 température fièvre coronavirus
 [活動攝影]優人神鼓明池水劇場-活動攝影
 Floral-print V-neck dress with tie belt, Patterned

_ _ _

> **Task instructions**: Quote, without any change, each line from the one that contains "[活動攝影]優人神鼓明池水劇場-活動攝影" through the end of the material.

> **Solution to this task**:
 [活動攝影]優人神鼓明池水劇場-活動攝影
 Floral-print V-neck dress with tie belt, Patterned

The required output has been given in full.